Пинасы, один за другим, скользнули в бухту. Hay встал и размял ноги.
– Я размышлял кое о чем, – сказал он. – Мне нет необходимости спрашивать тебя; нет необходимости тебе об этом сообщать. Но я думаю, что это может тебя обрадовать, поэтому скажу.
“Временная отсрочка”, – подумал Мейнард и ответил:
– Пожалуйста, скажи.
– Когда ты выполнишь свою задачу с Гуди, и будешь отправлен по назначению, то, думаю, я усыновлю Тюэ-Барба.
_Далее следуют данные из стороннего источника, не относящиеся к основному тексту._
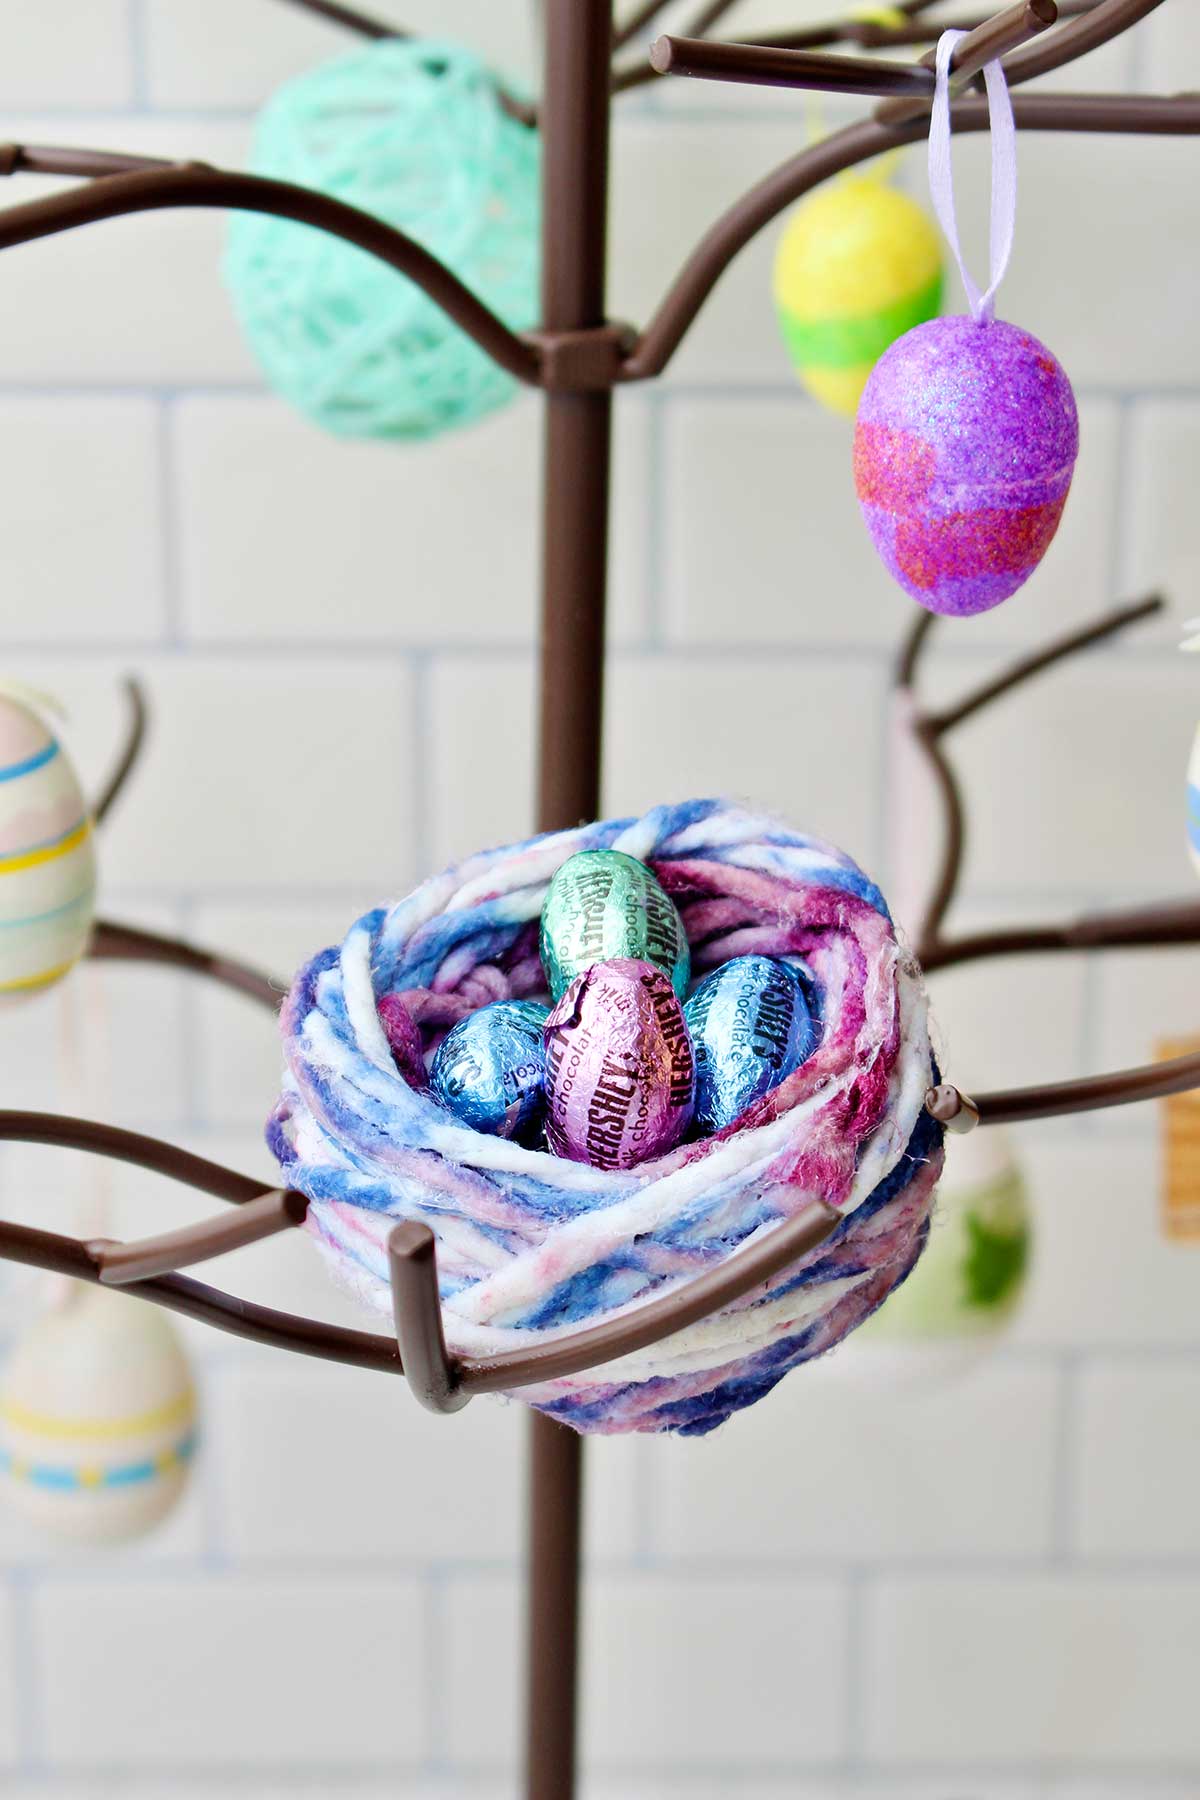 A bird nest made of colorful variegated yarn with Hershey chocolates inside.
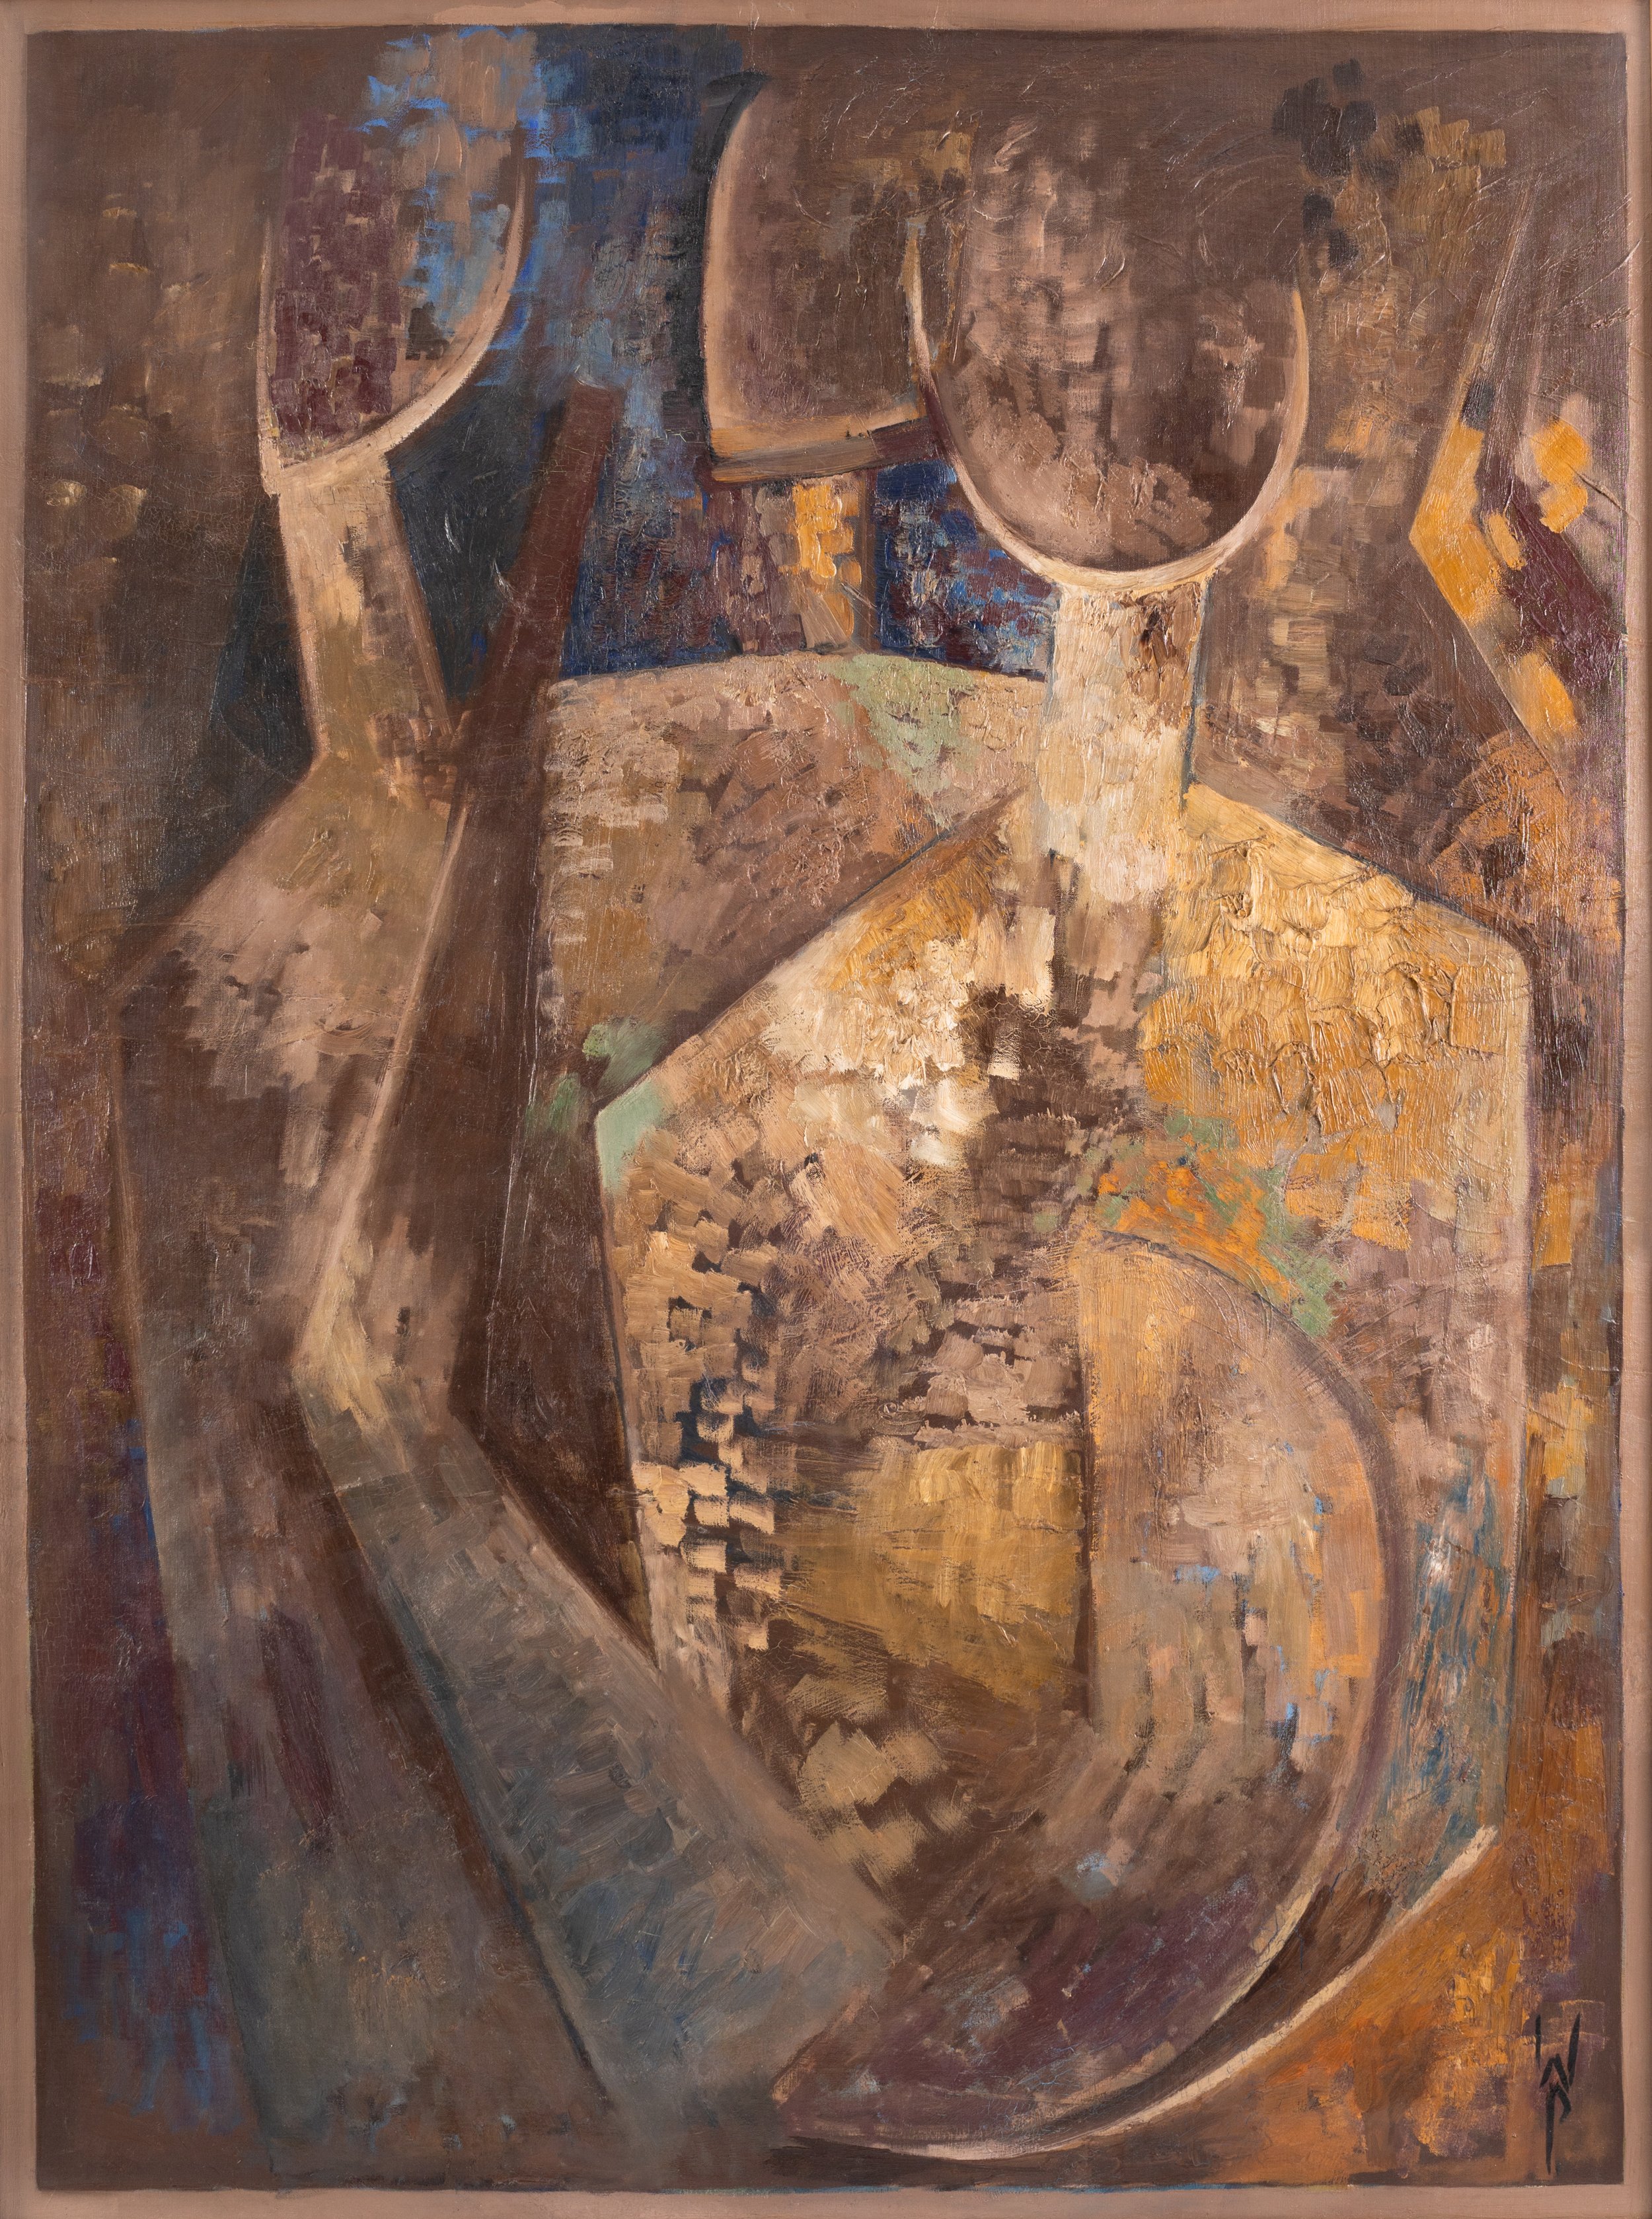  Wolfgang Paalen, Trois figures,  1953, oil on canvas, 51 x 37 in (29 1/2 x 94 cm)&nbsp;

Мне кажется – в нем есть задатки вождя.
Мейнард стоял, пораженный.
Hay похлопал его по плечу.
– Я думал, тебе это должно понравиться, – сказал он и стал спускаться вниз, к бухте.
* * *
Мейнард внезапно проснулся от какого-то звука в темноте. Это был звук рога – глухой, монотонный и печальный – именно такой звук, как представлял себе Мейнард, сзывал на бой библейские воинства.
Бет была уже на ногах. Поспешно обернув цепь вокруг его шеи, она жестом указала ему на дверь.
– Что за...?
– Охота. Иди!
– Ночью?
– Иди, – она его лягнула. – Десятая часть этой добычи моя. Уж я-то не опоздаю.
Она поспешно двинулась вперед, и он шел за ней по пятам.
Ночь уже почти прошла; между кустами он различал отсветы зари. Он слышал кашель, чиханье, приглушенные ругательства и треск ломаемых веток, когда другие бежали по тропинкам.
Показалась поляна, и Бет перешла на шаг. Другие женщины остановились на краю поляны, но Бет – очевидно потому, что ей принадлежала часть добычи – было позволено выйти вперед, взяв с собой Мейнарда.
Hay стоял перед своей хижиной, перепоясанный двумя кобурами с пистолетами, за поясом у него были кинжал и абордажная сабля. Рядом с ним стоял Хиссонер, а перед ними – Мануэль и Юстин. В песок был воткнут светивший вверх фонарик, в глазах Юстина отражались страх и возбуждение.
В центре круга стоял огромный котел, и, увидев, что все в сборе, Хиссонер сделал шаг вперед и высыпал в котел порох из порохового рожка.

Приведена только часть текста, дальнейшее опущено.